=== Section Start ===

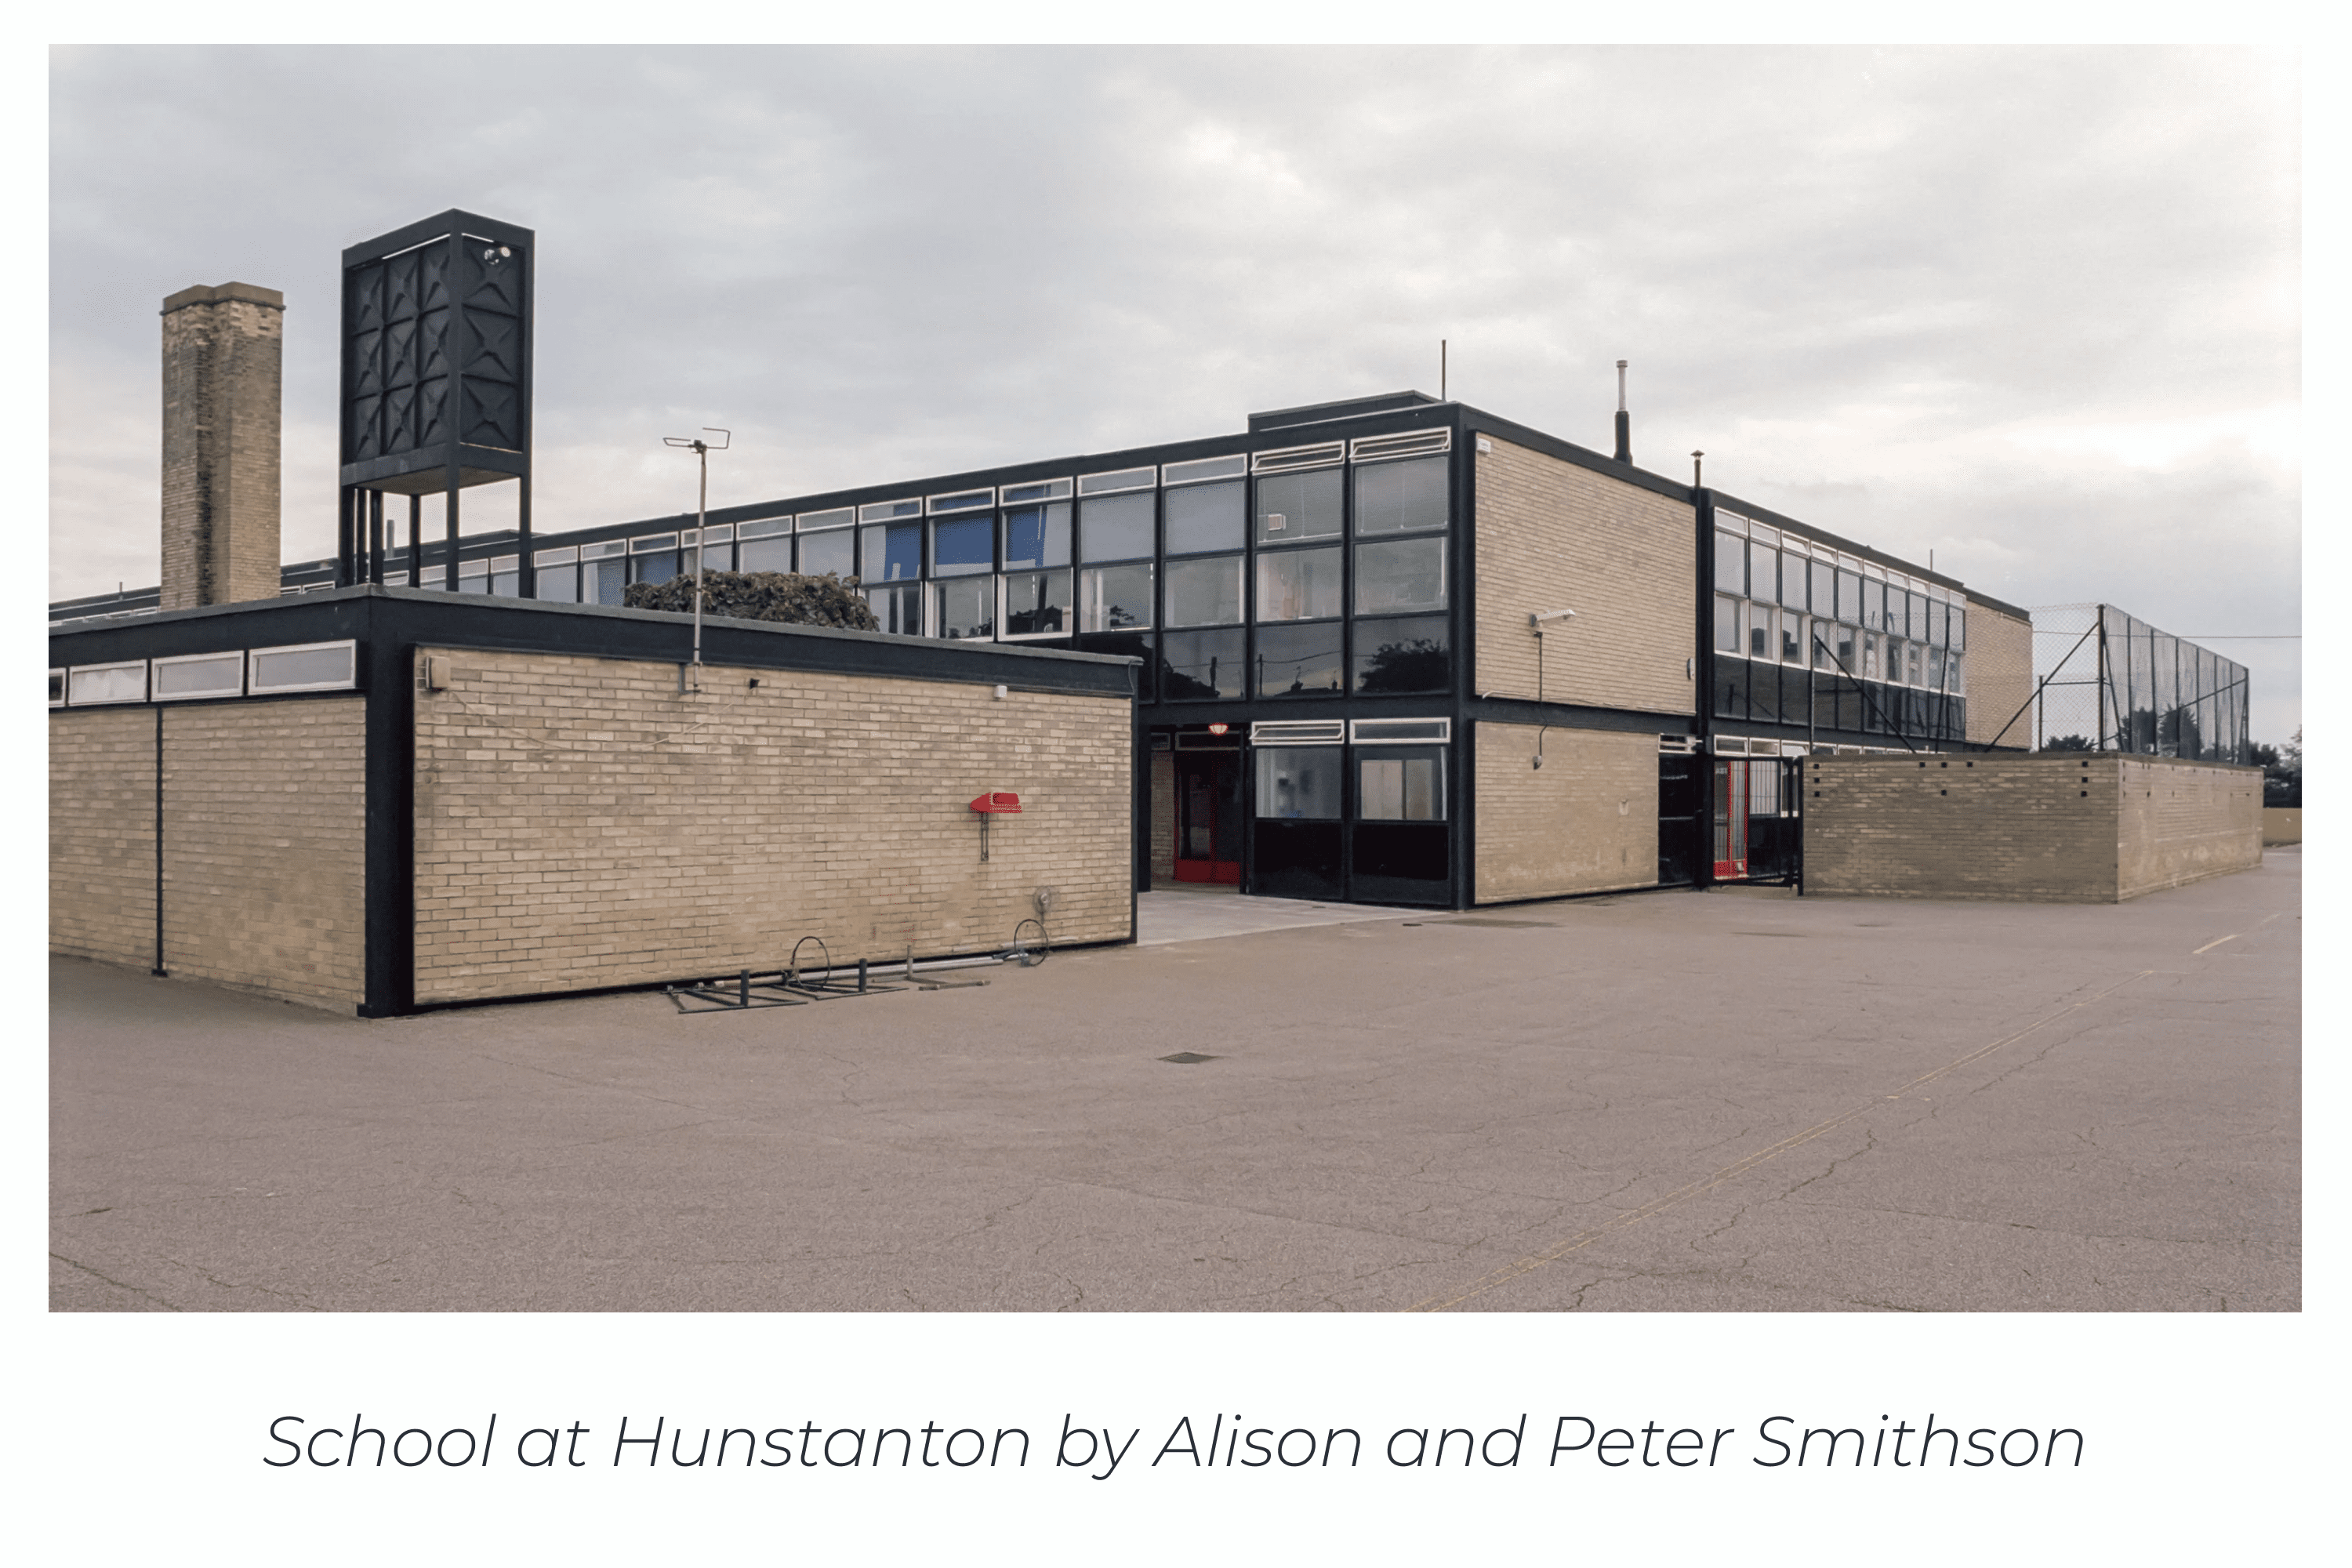 School at Hunstanton by Alison and Peter Smithson.
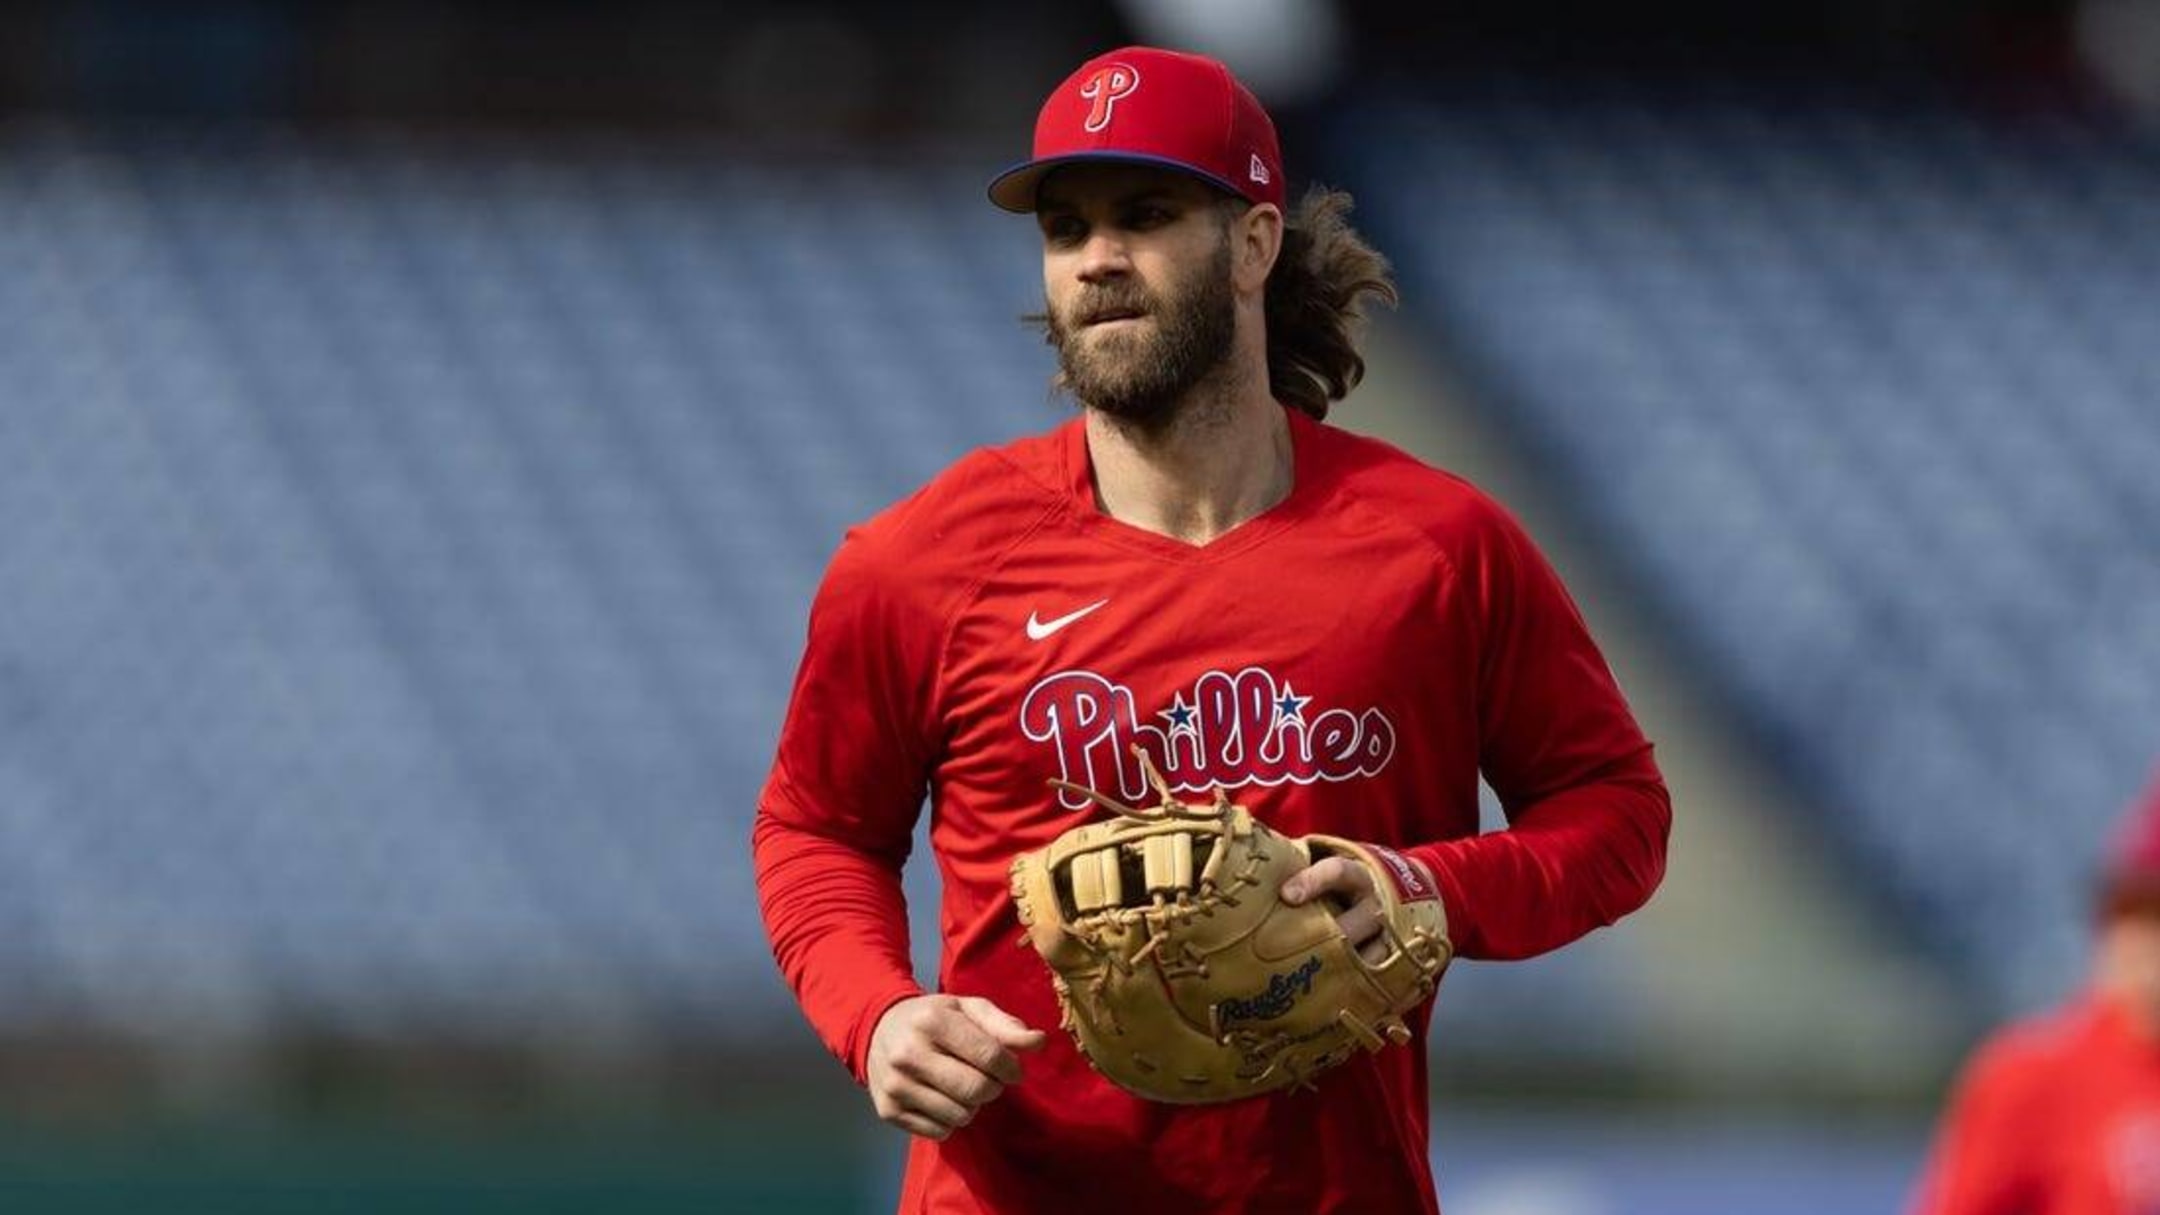 Toronto Blue Jays: Don't get too excited by Bryce Harper talk
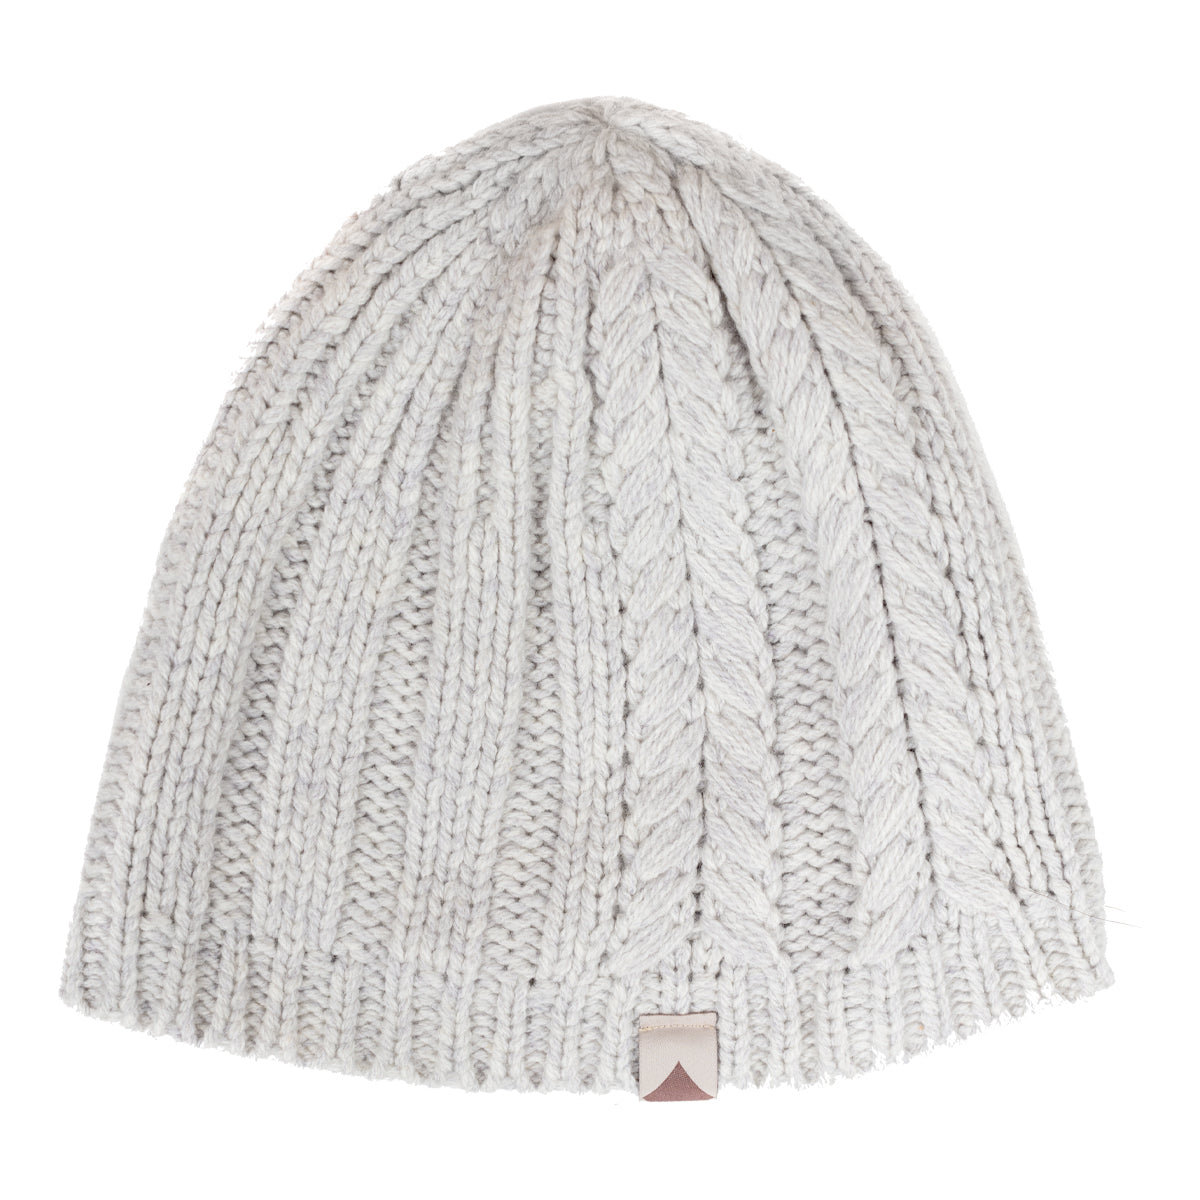 Azyre Inspire Beanie in  by GOHUNT | Azyre - GOHUNT Shop

=== Section End ===

§ **Task**
All of the material above needs to be restated exactly, with no pictures.

§ **Output**
 School at Hunstanton by Alison and Peter Smithson.
 Toronto Blue Jays: Don't get too excited by Bryce Harper talk
 Azyre Inspire Beanie in  by GOHUNT | Azyre - GOHUNT Shop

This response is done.